You could try tying on a short doubled section of 2040 for a pseudo-taper. Several YouTube videos on that subject to help. Otherwise the middle ground between 2040 and 1745 is 1842, which are commonly used on the PFS and would be another good size to try.


----------



## Bootsmann (Feb 13, 2018)

Thought single 1842 are too heavy for 3/8" but i'll give it a try.
Thank you!


----------



## MakoPat (Mar 12, 2018)

Bootsmann said:


> Edit:
> Using 24cm working length and have about 110cm draw.


Dang, Bootsmann, you gotta sweet collection. I love pfs... but mostly use flat bands.

3DanMan is a great source of reliable info... but in tye end we just have trial and error.

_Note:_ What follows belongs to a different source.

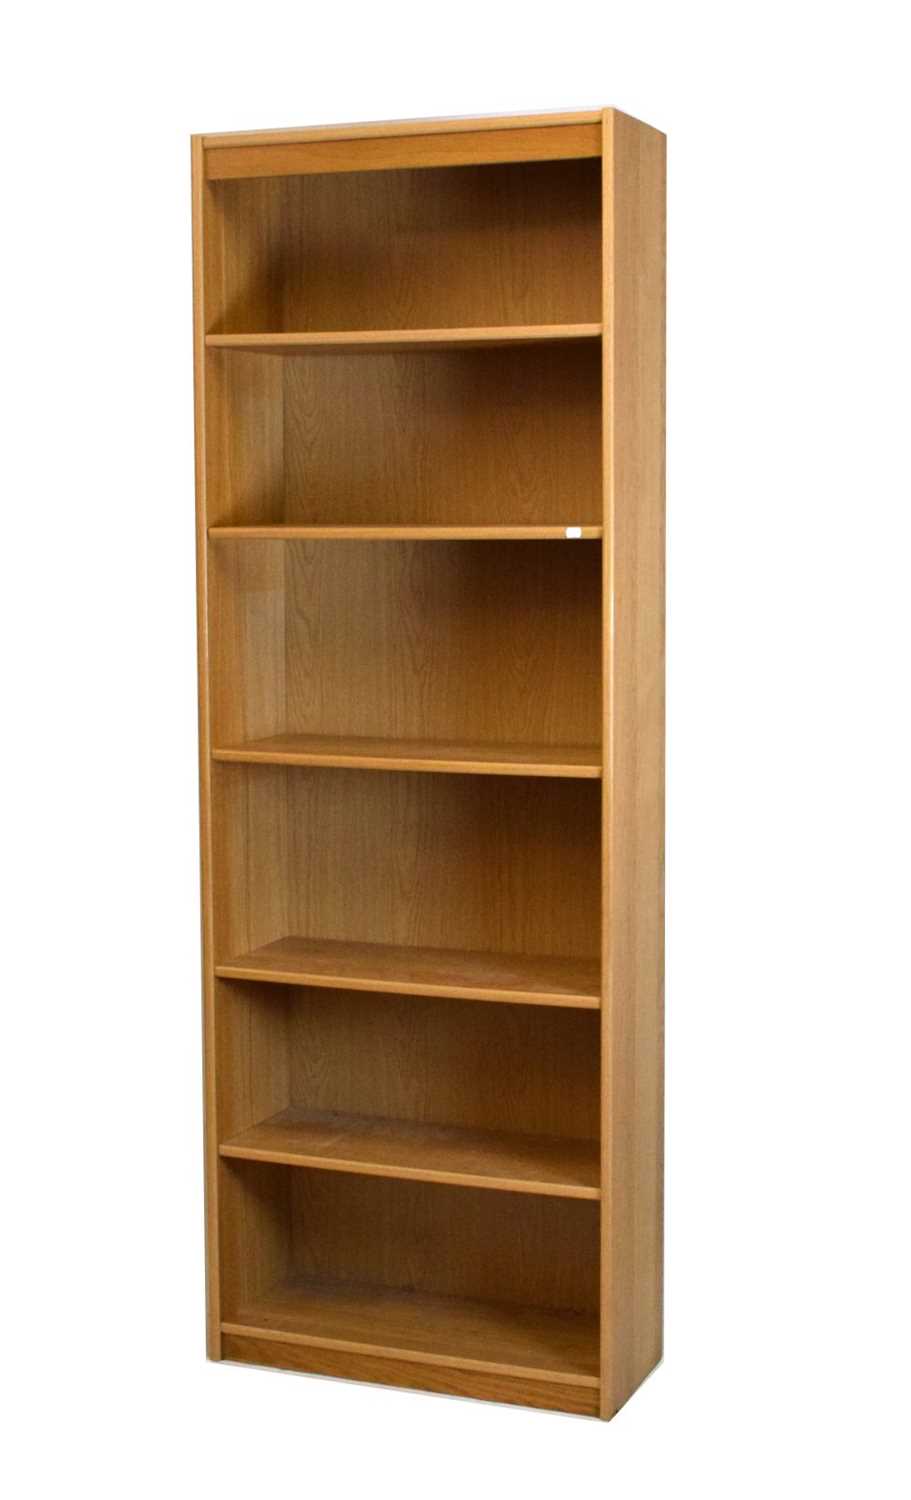 Modern oak open front bookcase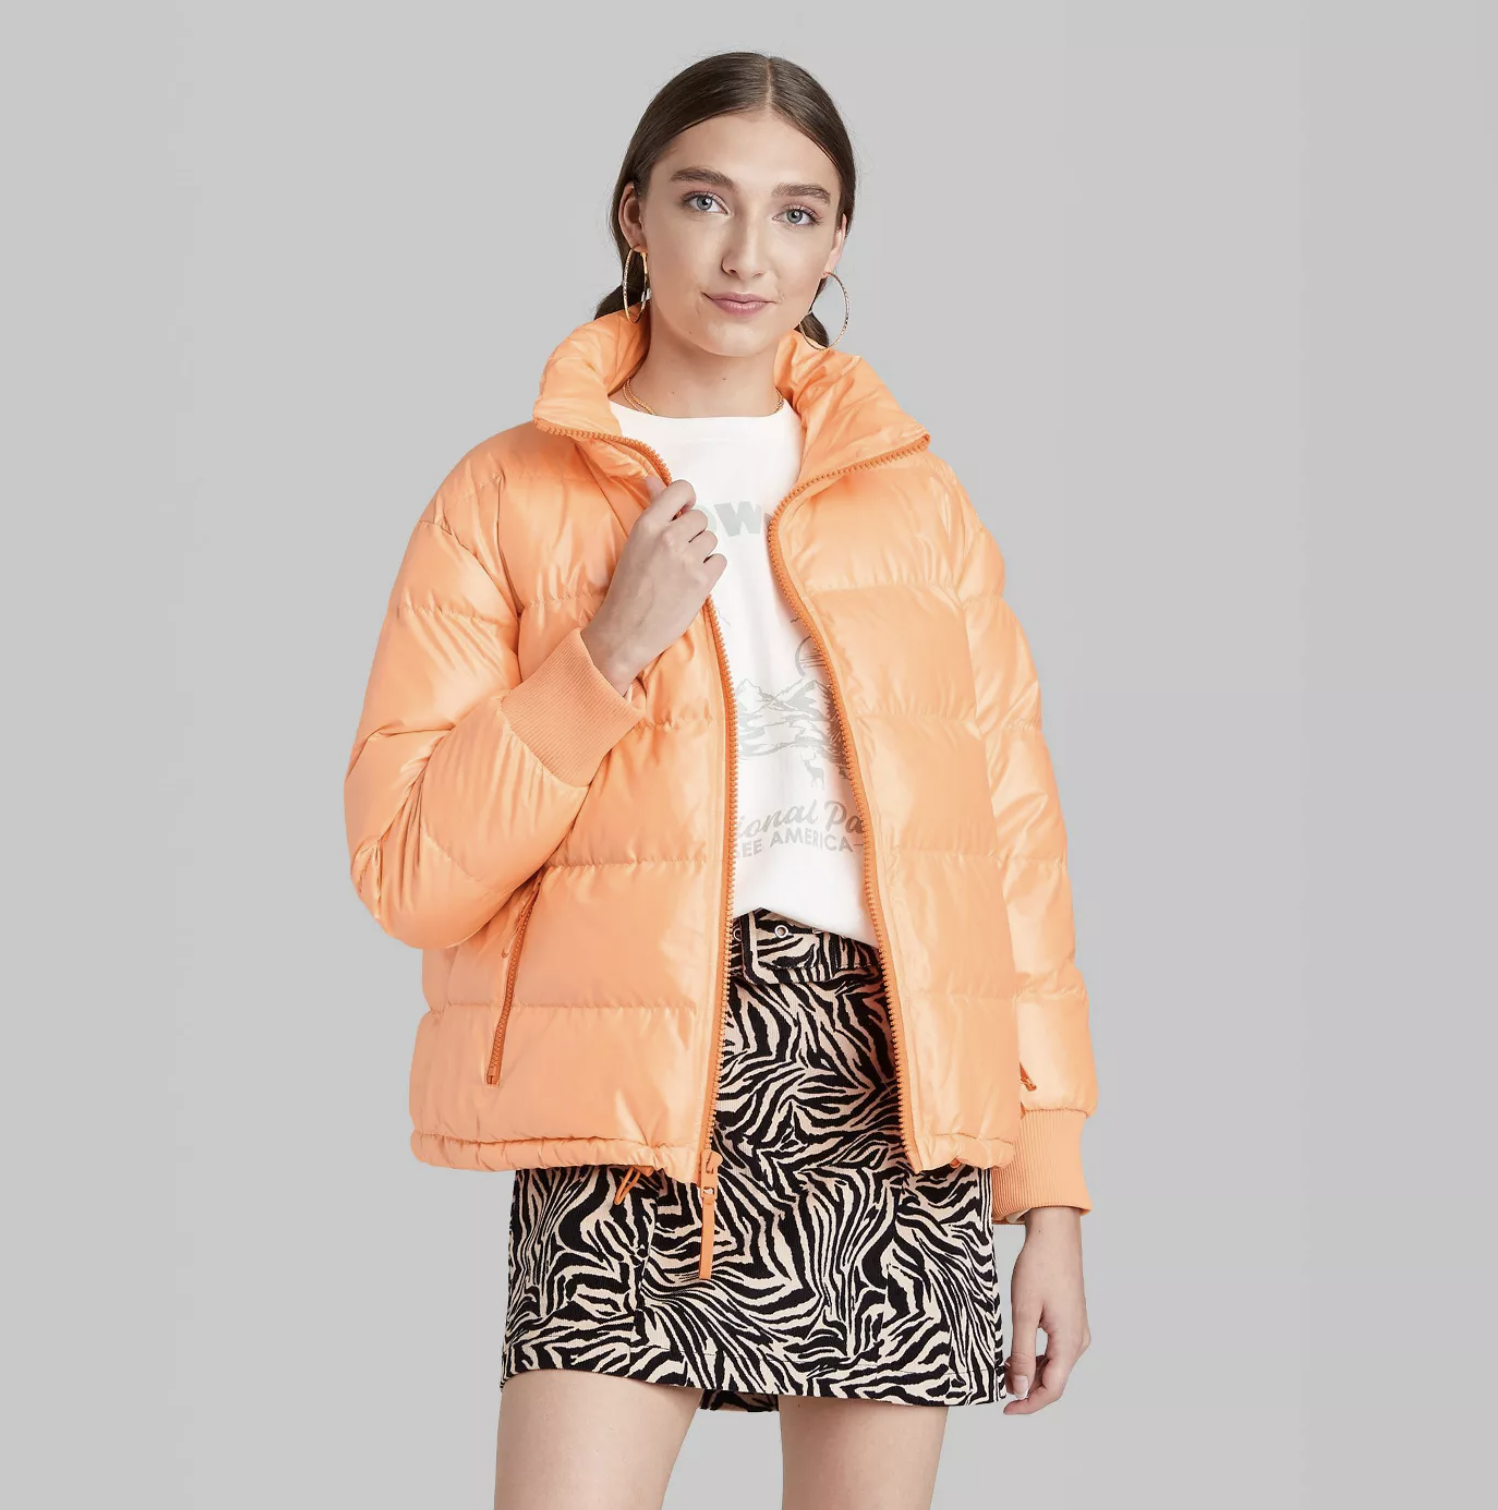 model wearing the puffer jacket in orange

I am following this one to see what I can learn.

Thanks, y'all.


----------



## Bootsmann (Feb 13, 2018)

Just to give a little feedback...
I've read the "chinese tube testing" thread over and over again.
Wi4h my next order i will give 1842 a try. But for the moment i ended up in using 2040 and 1745 with all kind of length.
Now i have an active length of only 20cm and this seems to fit perfect for the 1745 tubes. Just a light handslap and a decent punch with 3/8 steel. The 2040 have a good speed, too. But much more handslap than the 1745 in my opinion. Find that curious cause with a longer active length of 24cm the 1745 slapped more in my opinion.

Still a lot to try and learn but for the moment 1745 with 4cm shorter active length work fine...


----------